Skechers store at Third Street Promenade in Santa Monica.

Skechers store at Third Street Promenade in Santa Monica. Photo by Ringo Chiu.

Skechers USA Inc. reported record sales in the third quarter thanks to the international market, spurring a two-year peak in its stock price.

The Manhattan Beach-based athletic and casual footwear company said last week its net sales increased by 16.2 percent to $1.09 billion in the third quarter compared to the same period a year earlier, while net income jumped 41.8 percent to $92.3 million.

The brand’s big gains ran counter to industry trends, with many long-established retailers in the midst of bankruptcies and declining sales.
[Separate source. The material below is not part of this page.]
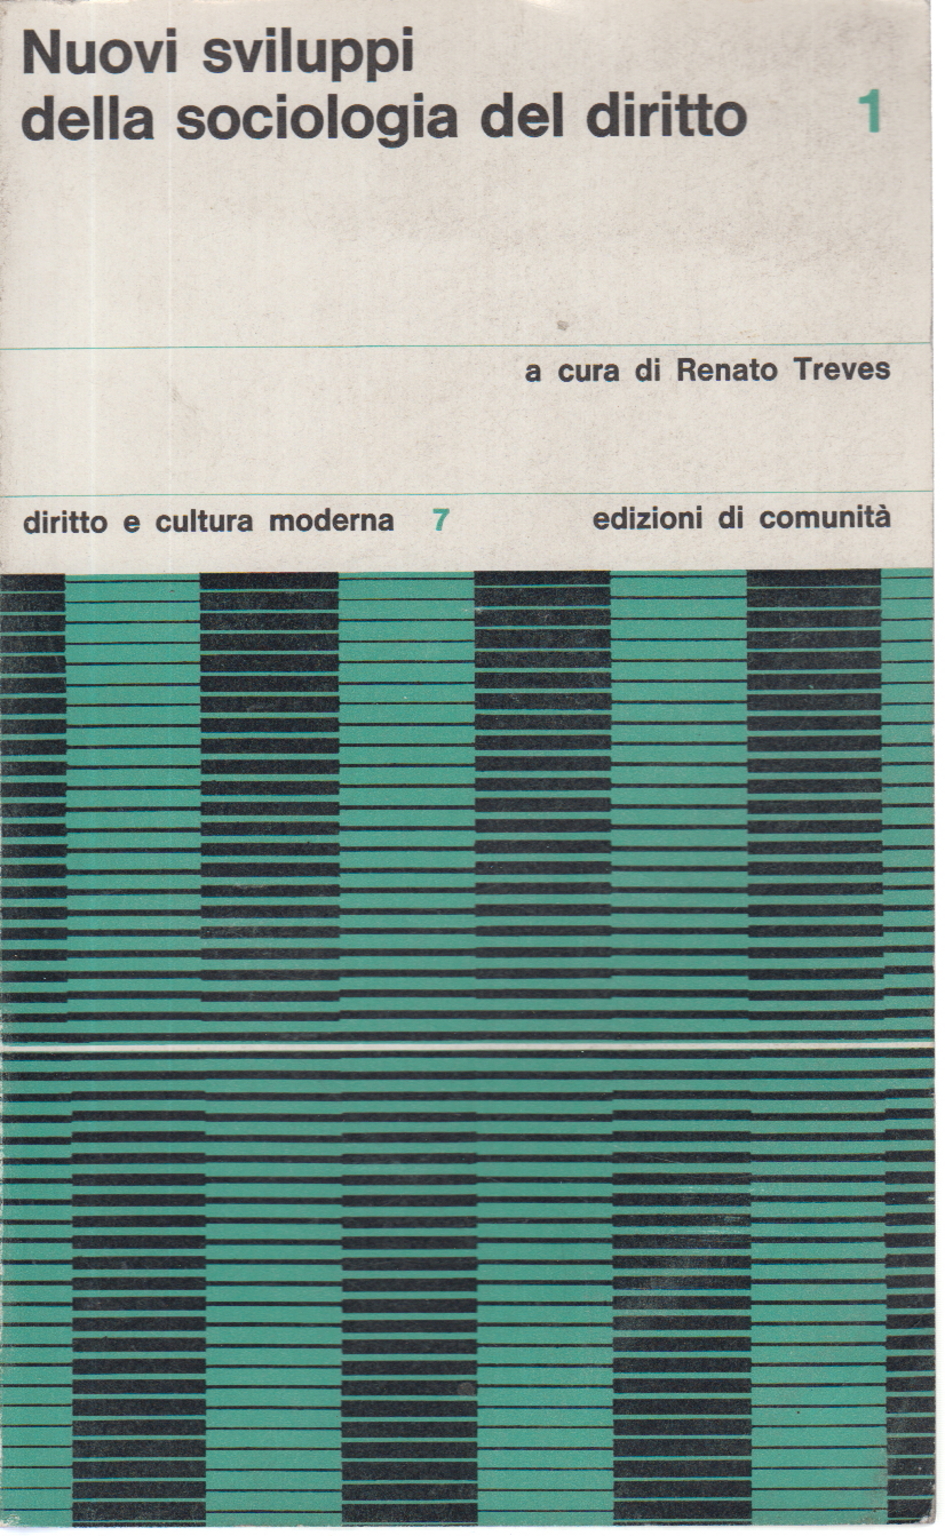 The new developments in the sociology in law, (1966-, Renato Treves
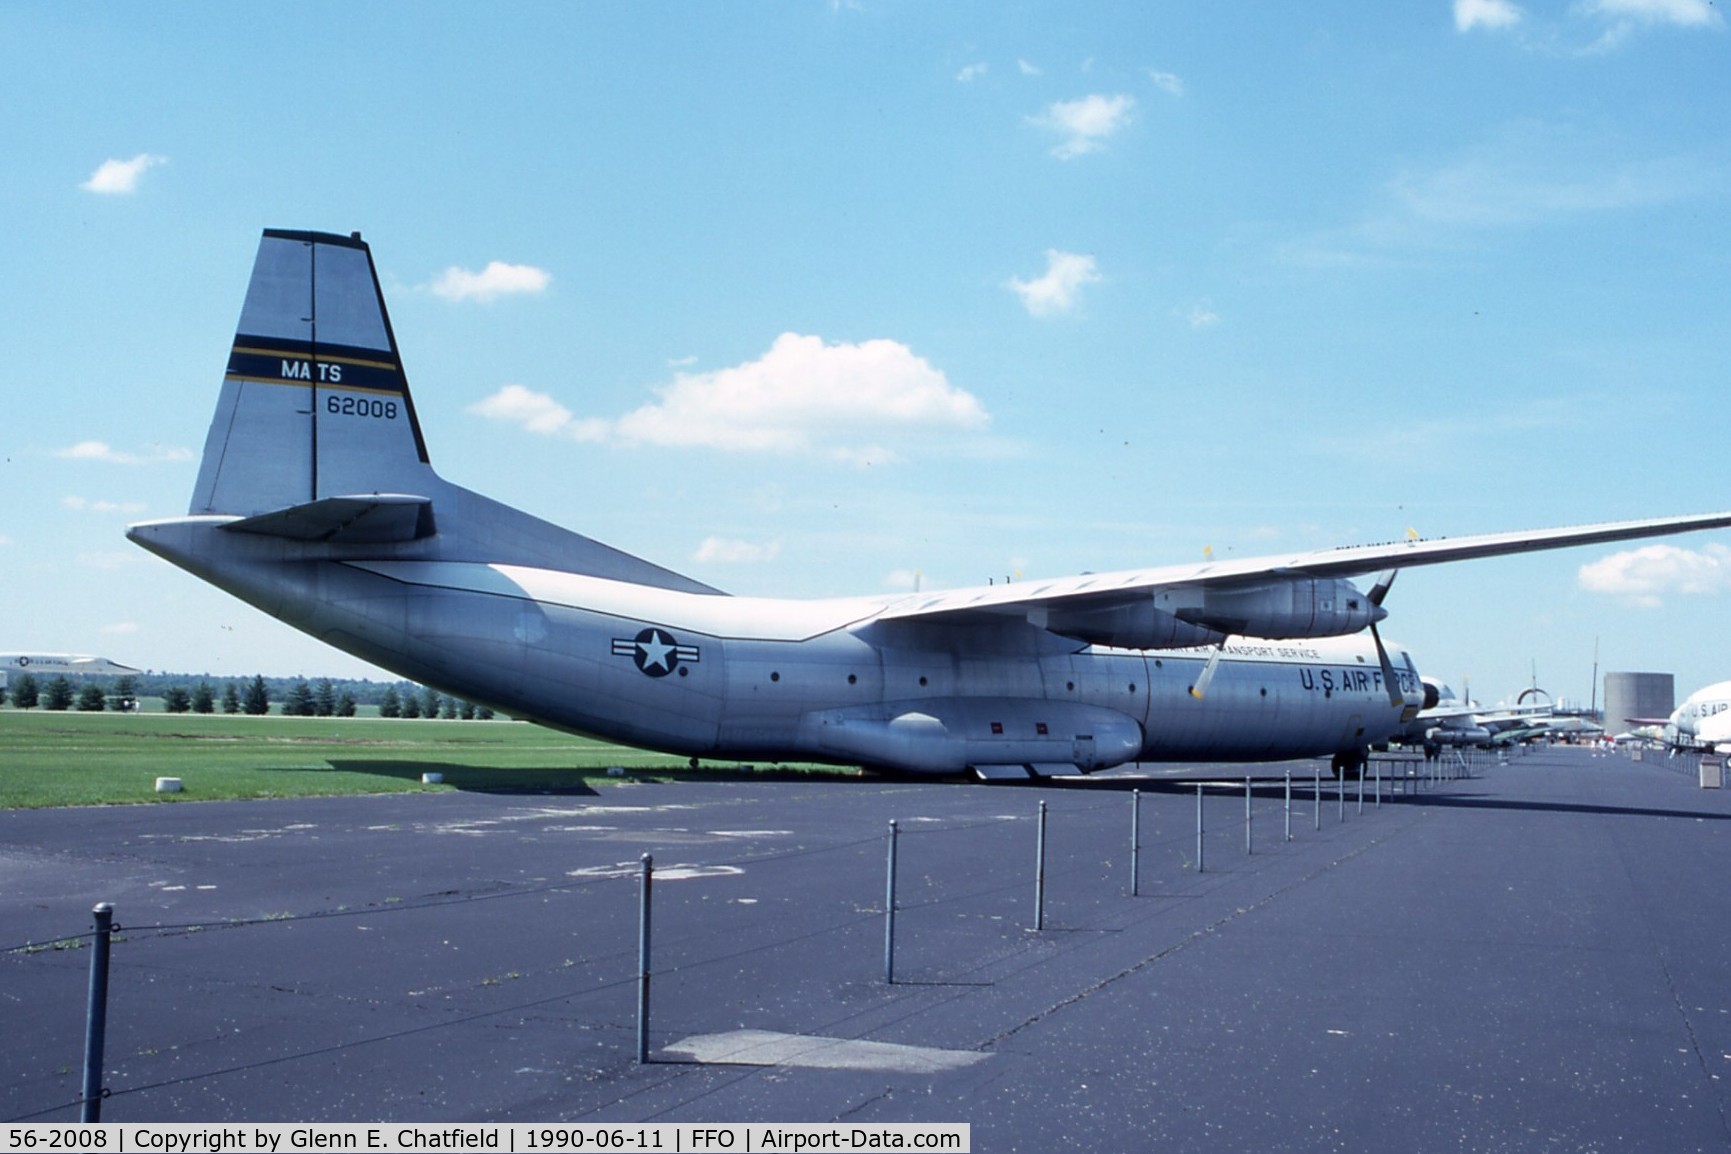 56-2008, 1956 Douglas C-133A-25-DL Cargomaster C/N 45245, C-133A at the National Museum of the U.S. Air Force

Skechers stock rose more than 41 percent to close at $33.99 a share Oct. 20 on news of the results, a level it hadn’t reached since October 2015. Its market capitalization grew to $5.4 billion last week from $3.8 billion before the earnings report.

“The growth came across our three distribution channels … with double-digit increases in our company-owned Skechers retail business worldwide and our international subsidiary and joint venture businesses, as well as a single-digit increase in our international distributor and domestic wholesale businesses,” David Weinberg, chief operating officer, said in a statement.

The company said in its earnings call that it had a 25.7 percent gain in international wholesale revenue and an 18.6 percent increase in company-owned global retail stores revenue.

The company reported an increase of 1.4 percent increase in revenue domestically.

Analyst Corinna Van Der Ghinst of Citi Research asked on the earnings call about why Skechers was doing well, unlike its competitors, Weinberg said the company was seeing a broad strength across its collections, including “great acceptance” of BOBS, its new youth-oriented street collection as well as good demand among kids and a pickup across the men’s section.

“It’s about the product offering and the breadth of the product and the newness and the demand by consumer and also our decision not to lower prices and margins trying to compete for market share,” Weinberg said. “We’re very happy keeping the market share we have, growing it by low to mid-single digits at the minimum until all that competition goes away for whatever reason, and then maximize our position. So I think we’re in a good place.”

Romeo’s New Power Source

Vernon-based electric vehicle battery pack maker Romeo Power is moving into the consumer market.

The company this month launched “Saber,” a mobile charging device that it claims can charge an iPhone up to 10 times and a laptop twice on a single charge.

“Saber is like having a wall socket in your pocket,” said Dion Isselhardt, the company’s chief design officer and a former senior director of design at Samsung’s Strategy and Innovation Center.

The portable battery charger features four charging ports that include variable AC and USB inputs. The 2.2-pound device is designed to charge four accessories at once and anything that’s less than 90 watts.

“What makes this different from other products on the market is our proprietary technology,” said Michael Patterson, chief executive of the company. “The charger recognizes different devices and adjusts the power output, making it safe for your devices.”

Patterson said the No. 1 point of feedback he had heard about similar products in the market were concerns about possible explosions.

Saber retails for $299 but has a limited pre-order option for $199, well above the price of typical mobile charges on the market, which are usually less than $50. However, most portable power sources do not have an option to be plugged in directly, requiring a USB drive instead for connection, and Romeo Power says its products hold more charges and are safer.

Romeo Power closed a $30 million seed round in August. Patterson said his firm had secured $65 million in initial orders for its battery packs with automakers, manufacturers of motorcycles and forklifts, and other industrial players across the United States and Europe.

Caulipower Pizza Spreads

Eight-month-old Caulipower has now expanded into 6,500 stores nationwide, the company announced this month.

Caulipower was founded by Gail Becker, a former marketing executive at New York-based PR firm Edelman. The company makes frozen cauliflower-based pizza crusts and pizzas that were already in some Whole Foods Market Inc., Bristol Farms Inc. and Safeway Inc. locations, among others. They are now headed to supermarkets including Ralphs Grocery Co. and Wal-Mart Stores Inc.

Becker said this summer that she had personal reasons to start the company. Both her sons, ages 14 and 19, have celiac disease and need to be on a gluten-free diet. The privately held company would not disclose sales and income figures. Its pizzas retail for $7.99.